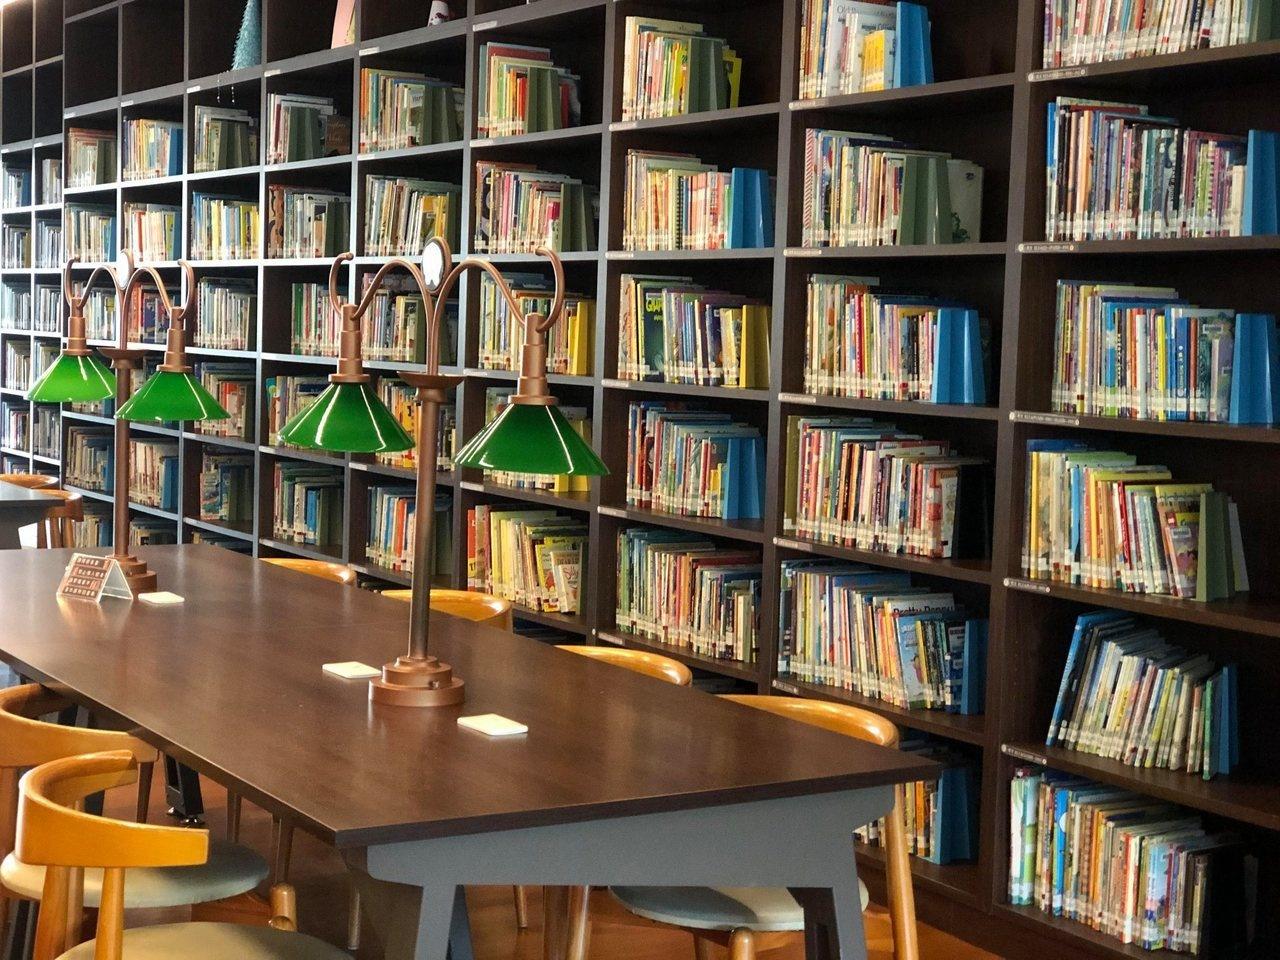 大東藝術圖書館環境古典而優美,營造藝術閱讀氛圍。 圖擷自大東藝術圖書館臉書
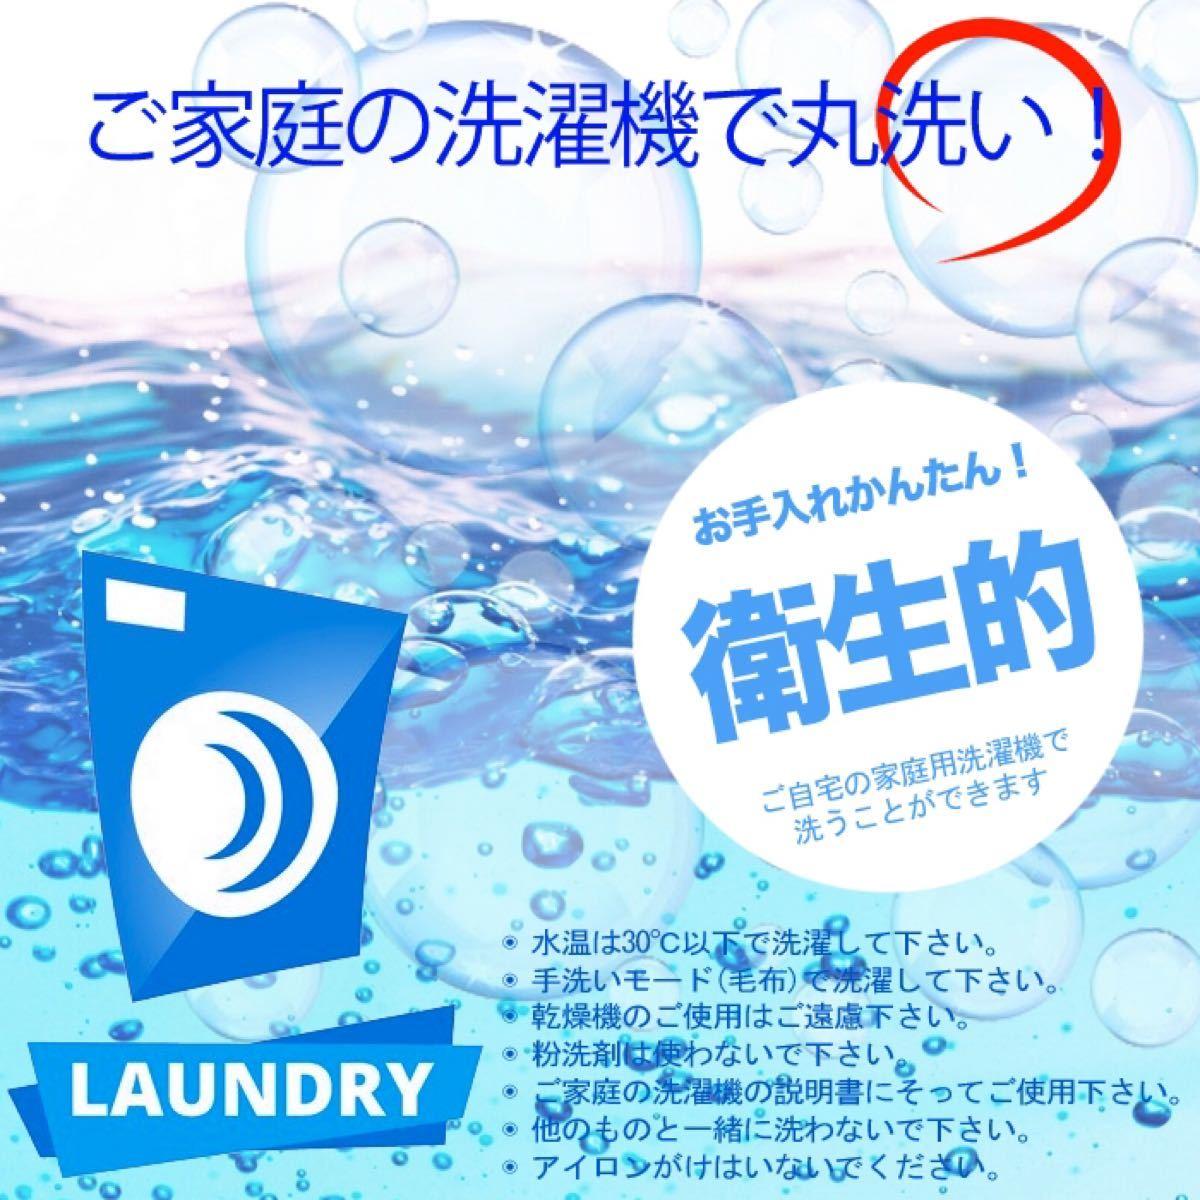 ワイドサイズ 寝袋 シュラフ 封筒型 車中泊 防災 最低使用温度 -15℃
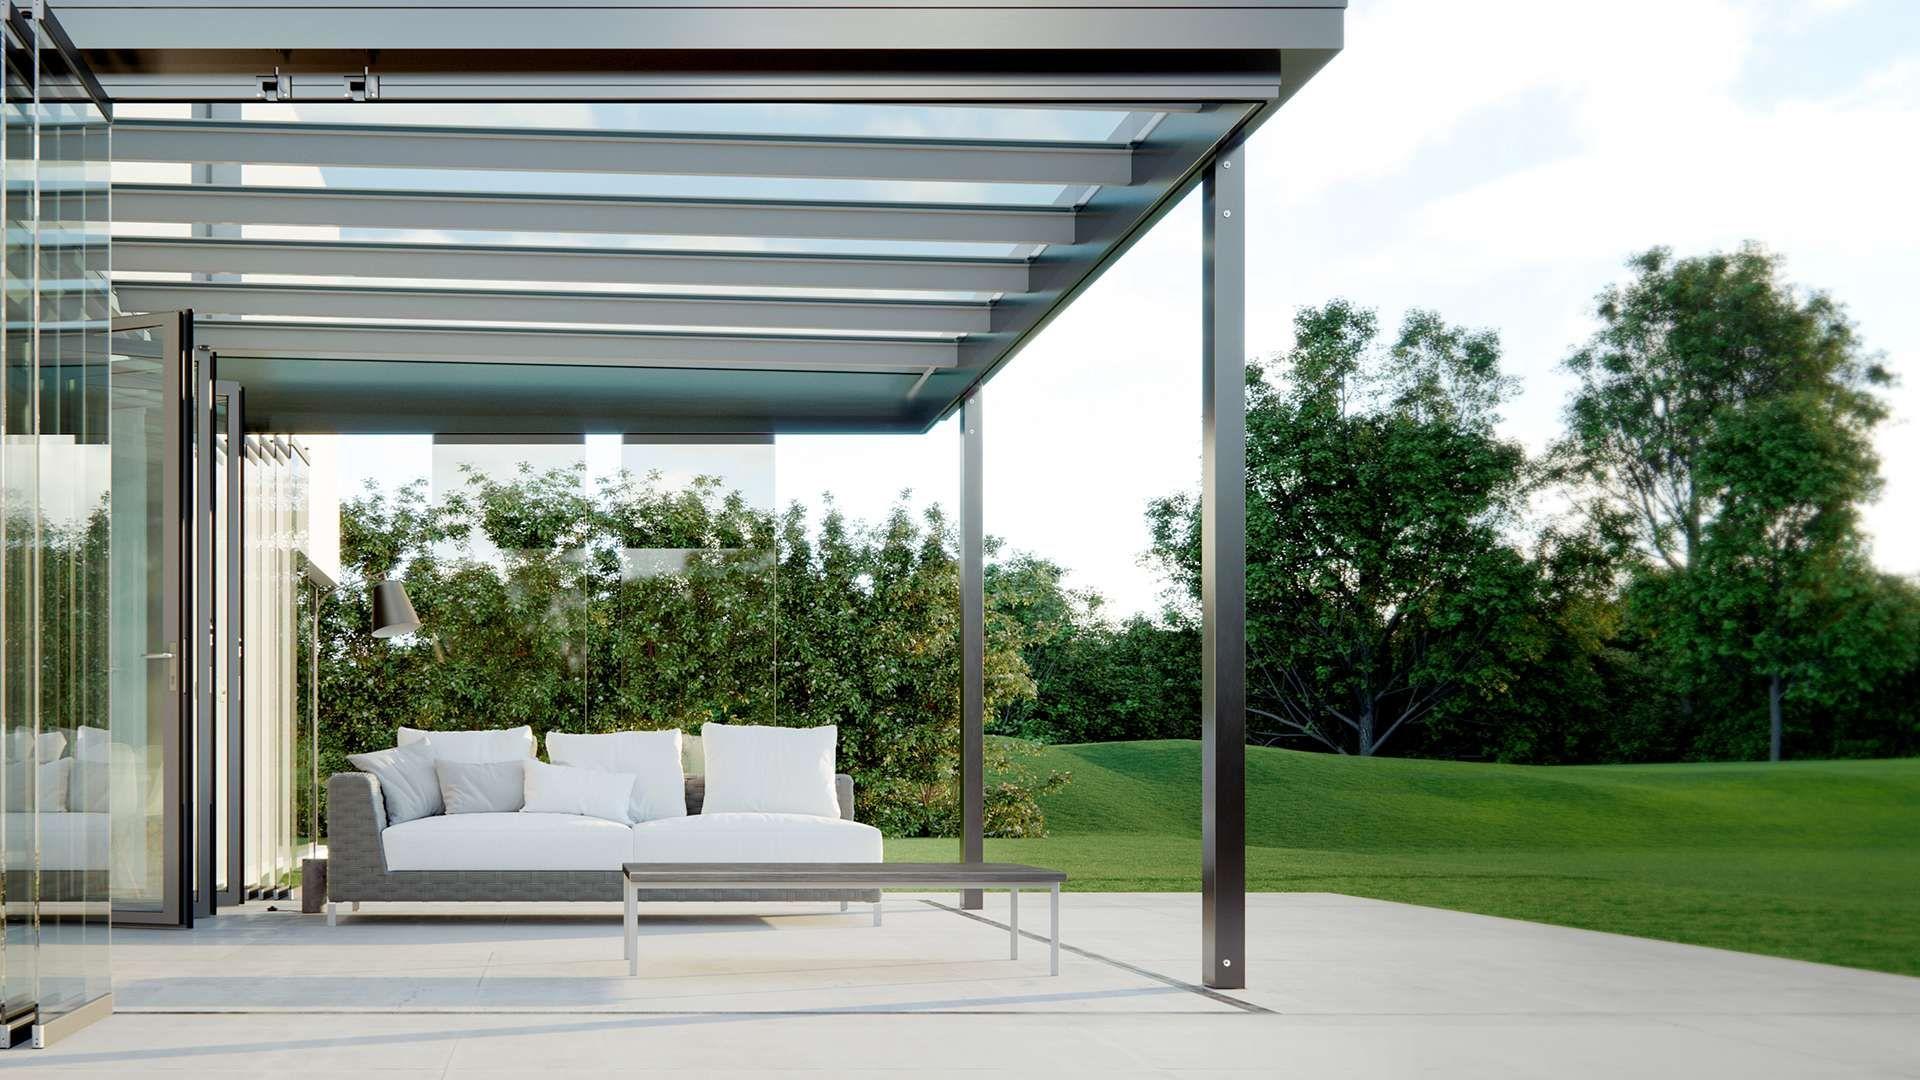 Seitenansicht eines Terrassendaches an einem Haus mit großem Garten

| Action item |
Your copy should consist only of the lines from the line holding "ワイドサイズ 寝袋 シュラフ 封筒型 車中泊 防災 最低使用温度 -15℃" through the final line of the listing above, both included, with all pictures omitted.

| Result below |
 ワイドサイズ 寝袋 シュラフ 封筒型 車中泊 防災 最低使用温度 -15℃
 Seitenansicht eines Terrassendaches an einem Haus mit großem Garten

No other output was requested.